Competitors
Major competitors include Ann Inc (NYSE:ANN), Chico’s FAS, Inc. (NYSE:CHS), Ascena Retail Group Inc (NASDAQ:ASNA), and The Wet Seal, Inc. (NASDAQ:WTSL). All of these companies operate in the specialty retail industry and target women as one of their main demographics, as well as compete with L Brands.
Ann Inc (NYSE:ANN) is valued at $1.39 billion, does not pay out a dividend, and carries a price to earnings ratio of 14.20. Ann’s core business consists of the brands of Ann Taylor and LOFT, which target women in the apparel, shoes, and accessories industries.
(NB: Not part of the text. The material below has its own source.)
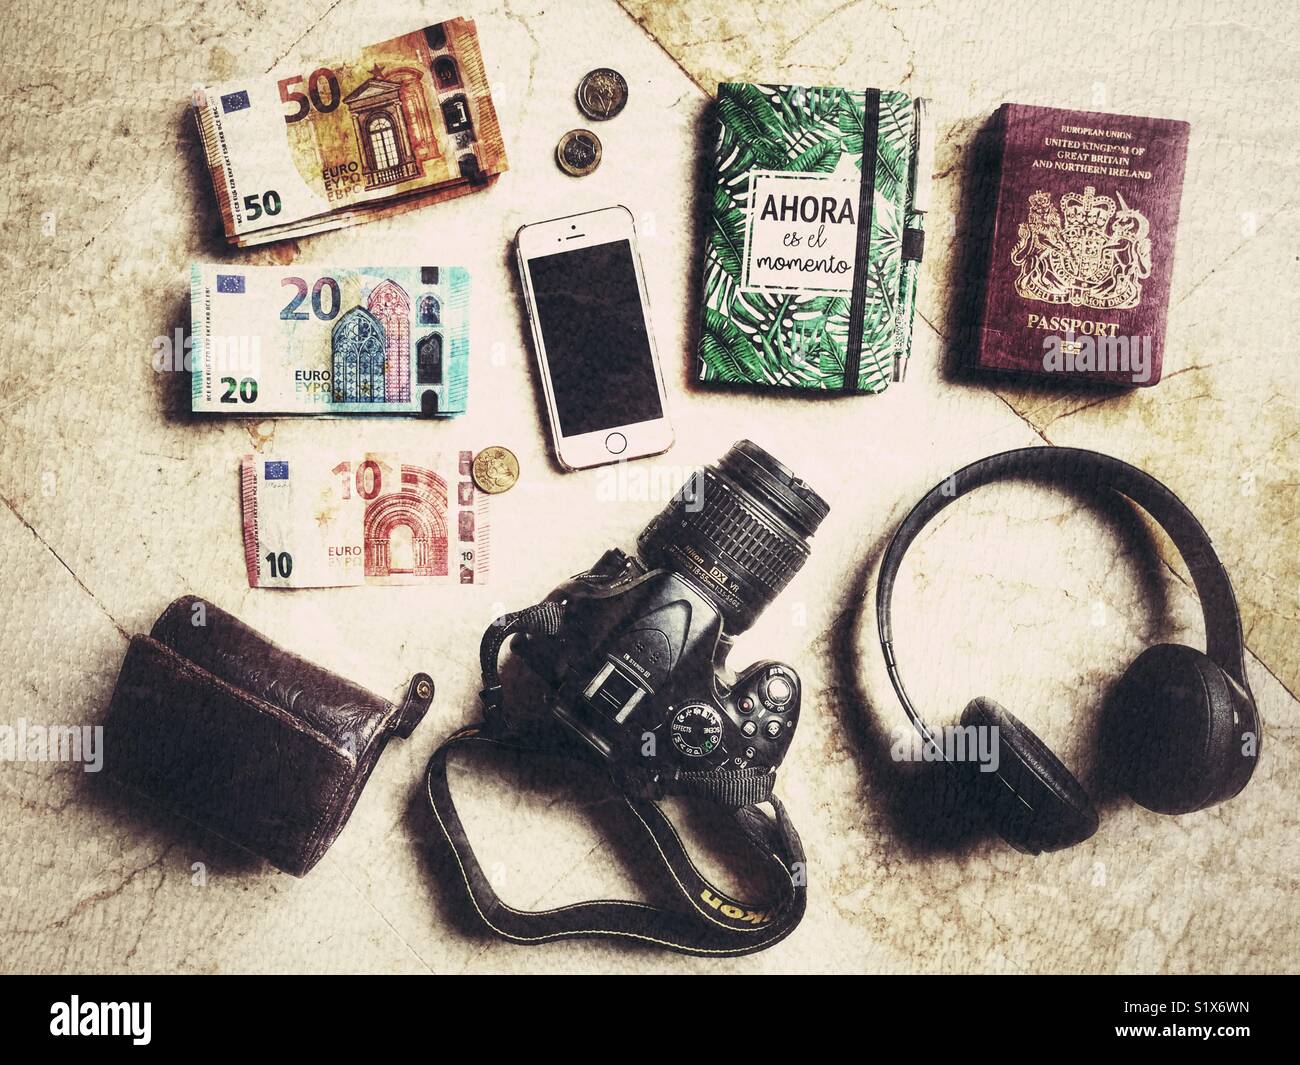 Flatlay Fotografie, Reisen Artikel einschließlich Portemonnaie, Reisepässe, DSLR-Kamera, Beat Kopfhörer, Notebooks, iPhone, und Euro. Stockfoto

Ann Inc (NYSE:ANN)’s TTM profit margin has held steady around 4% since 2011, and is currently sitting at 4.32%, with expectations placing the profit margin at 4.9% by 2018. Mid-single digit rate growth is anticipated for revenue fueled by store expansion, however this growth is contingent on innovative product offerings. Ann does not pose a major threat to L Brands Inc (NYSE:LTD) as they compete mainly in different sub-sectors of the industry.
Chico’s FAS, Inc. (NYSE:CHS) is valued at $3.00 billion, pays out a dividend yielding 1.20%, and carries a price to earnings ratio of 17.08. High-single digit growth is projected in the revenue department, with the same projected in the earnings statistic. The company’s TTM profit margin has recovered from its 2008-2009 slump and is currently a strong 6.98%. Year to date, Chico’s FAS, Inc. (NYSE:CHS) is slightly down, despite no majorly negative news.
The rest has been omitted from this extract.